I recommend reading her book “Ecology of the Planted Aquarium”. It gives you lots of insight on what is happening inside of an aquarium. I plan on having a light on my jars and that’s pretty much it! Low low, tech. Diana is even on this website and happily answers questions and gives suggestions. She likes to keep things simple and it usually works out! Her method is “purposeful” as in she does things with a reason or an outcome in mind and it’s backed by evidence. If you “stick to the plan” you likely won’t have any “failures”. If something is going wrong with a properly set up Walstad tank you can usually make adjustments and “fix” whatever is going wrong. She does it herself as mentioned in the shrimp tank article I linked to. She had an algae problem at first so she adjusted her lights, added floating emergent plants like giant duckweed and added snails to her tanks. Algae problem solved! There seems to be a slight advantage to smaller, simple planted tanks too. I suggest there be a balance between plants and fish as in “more plants and less fish”. The results are great!


----------



## Bens pico reef (4 mo ago)

Sounds like my reef tank. Light and air pump was all i used. Now i have that on all but one planted tank. This sounds like an air pump may not even be needed.


----------



## FernKing (4 mo ago)

Bens pico reef said:


> Sounds like my reef tank. Light and air pump was all i used. Now i have that on all but one planted tank. This sounds like an air pump may not even be needed.


Diana shows how air pumps and bubblers can work against you in a freshwater planted tank. Sometimes all you are doing is nothing or giving algae CO2. She does use pumps for larger tanks so water at the bottom isn’t stagnant, but she’s careful to not make “turbulence“ or stir the surface dissolving more CO2 into the water. With these low tech tanks, less is more. Heaters may be useful (not much in Floirda for me), filters can take nutrients away from plants and vacuuming the substrate is a needless activity that again removes nutrients. The focus of a planted tank with dirt is to let bioactive microorganisms in soil and plants “filter” your aquarium along with occasional water changes. It’s such a holistic and back-to-basics approach to aquaria it’s almost radical 😂 Some people can’t deal because they feel reliant on technology but they should let go and trust the dirt and plants ☮


----------



## Bens pico reef (4 mo ago)

Ok, definetly.curious now lol. Im in florida as well. For planted tanks I can see not vacuuming the bottom. Makes sense if the plants are intaking nutrients from soil.
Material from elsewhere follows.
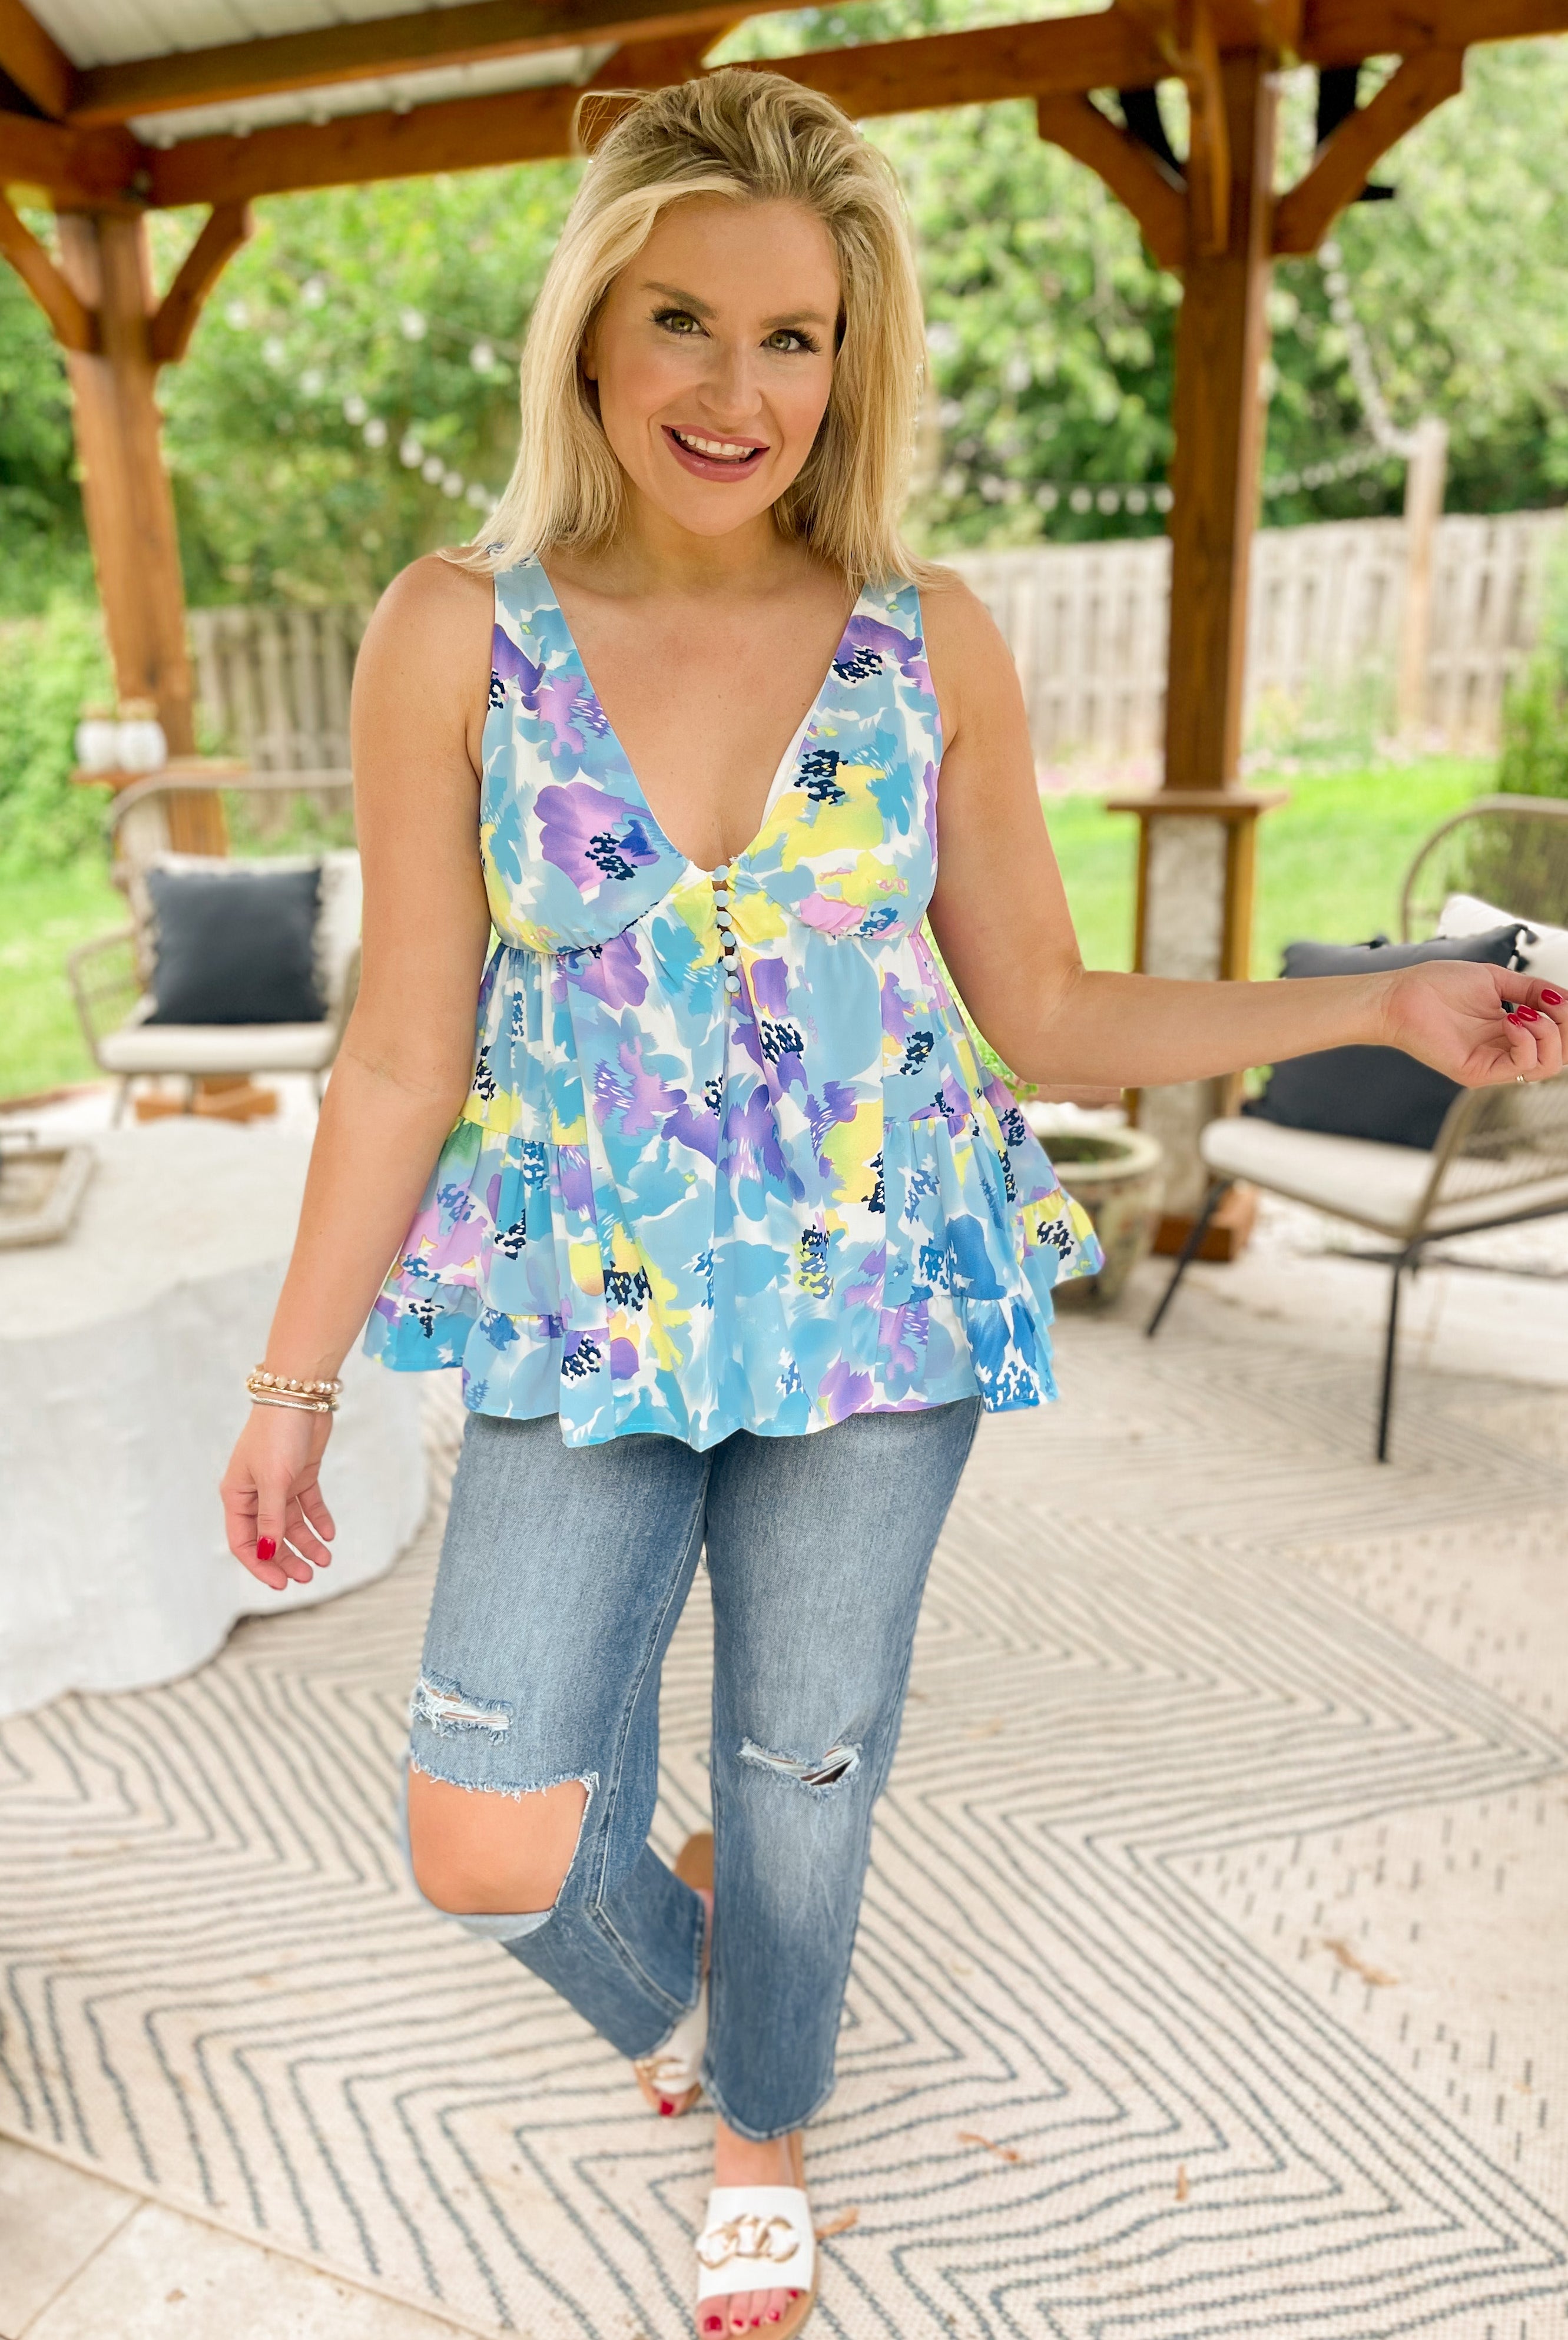 Nichole Floral Print Sleeveless Top - Be You Boutique

My current tank is using fluval stratum. I believe you all are reffering to potting type soil.


----------



## FernKing (4 mo ago)

Bens pico reef said:


> Ok, definetly.curious now lol. Im in florida as well. For planted tanks I can see not vacuuming the bottom. Makes sense if the plants are intaking nutrients from soil. My current tank is using fluval stratum. I believe you all are reffering to potting type soil.
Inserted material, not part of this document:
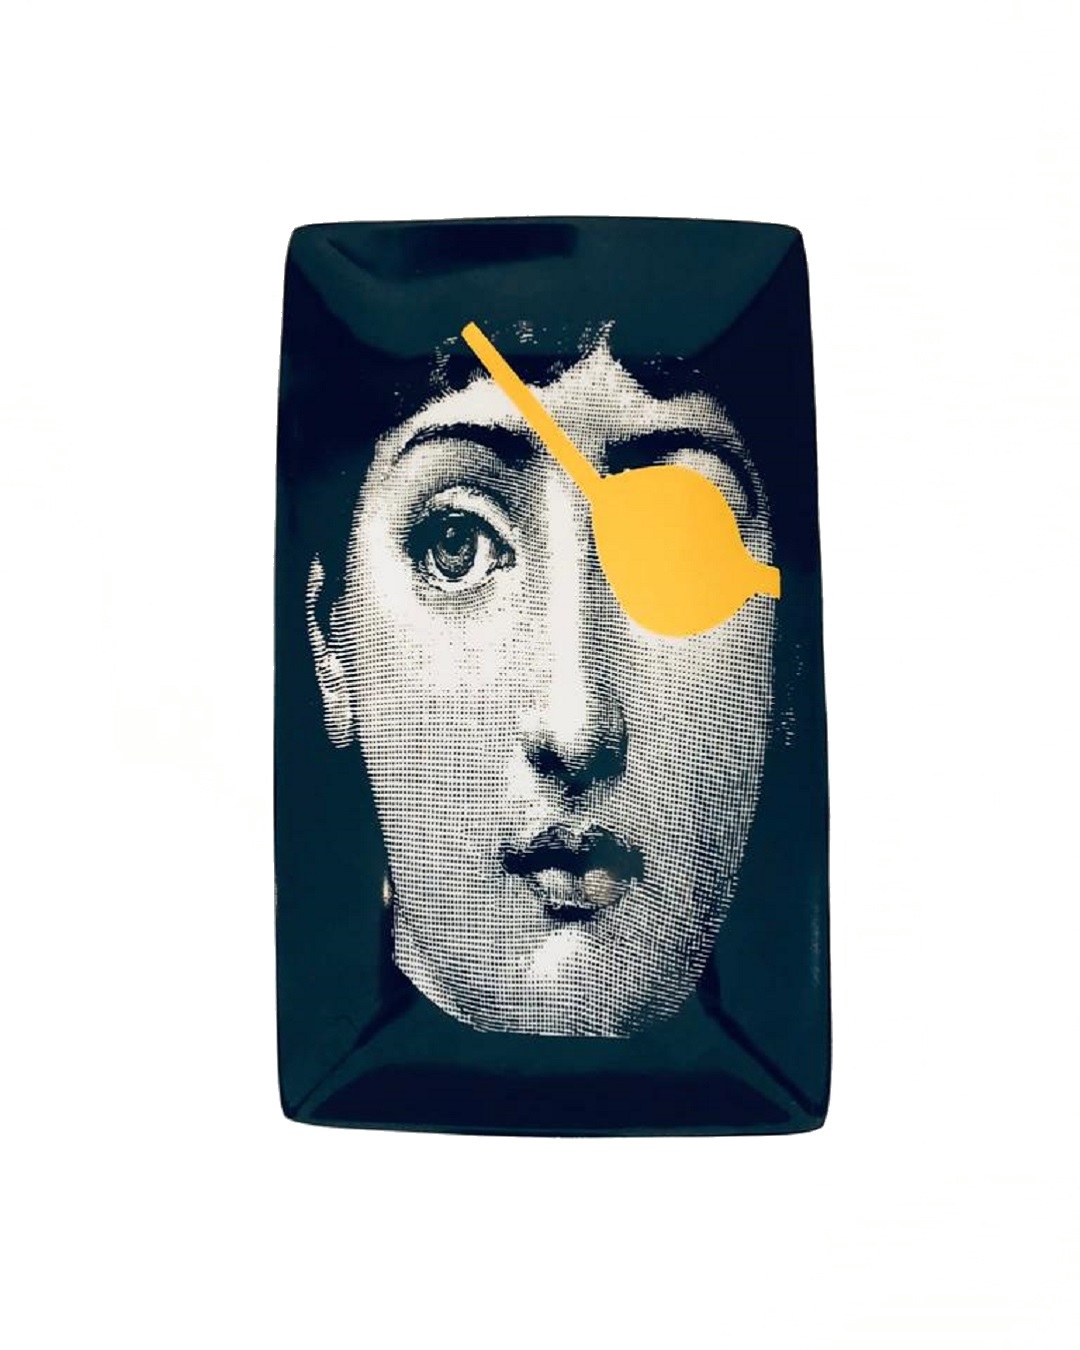 Fornasetti replica eye patch rectangle plate

Diana recommends cheap, unremarkable potting soil. She uses a bag of “Organic Miracle Gro” potting soil. So do I. Don’t mix anything into it. She picks out any sticks and twigs. Avoid potting soils with added fertilizer and perlite (Perlite is annoying because it floats). 1 inch of soil capped with 1 inch of gravel, not sand. For a nano tank you can do 1 inch of soil and cap it with a lighter coating of sand or gravel. She talks about that in her “shrimp tank” article. To keep things clean I put the soil in the bottom of the tank and plant the plants directly into the soil. I add the gravel after that around the plants and on top of the soil. If you keep it clean it stays clean. At this point you can grow the plants in the ”Dry Start Method“. The first time you fill the tank go SLOW. I’ve seen some people use a plastic lid and they gently pour water on that or into their hand. Even if you’re careful the water might be “tea colored” at first. That’s okay. It’s part of the soil and water settling. After a few water changes (and some people run a filter for a short while) the water will be clear.


----------



## Bens pico reef (4 mo ago)

I read through her pdf earlier. I have definetly seen/heard this before. Especially using a sifter with the potting soil.


----------



## dwalstad (Apr 14, 2006)

For those of you that are hesitant and/or don't have a big mix of adapted plants, you can mix the potting soil 1:1 with sand. Sand is inert so it won't cause problems.


----------



## FernKing (4 mo ago)

Week 2 update! I am definitely seeing some new “bioactivity“ this week. I am getting a light bloom of what I think is both algae and cyanobacteria on the white gravel. I’m not shocked by this as this is probably from the gravel. They store bags of gravel and sand for sale outside exposed to rain and sun here in Florida. Many times the gravel and sand is green with algae or cyanobacteria. I was thinking it was only a matter of time before I saw a little bit of that growing on the bright white rocks. I’m not worried about it moving forward when I finally fill my tanks.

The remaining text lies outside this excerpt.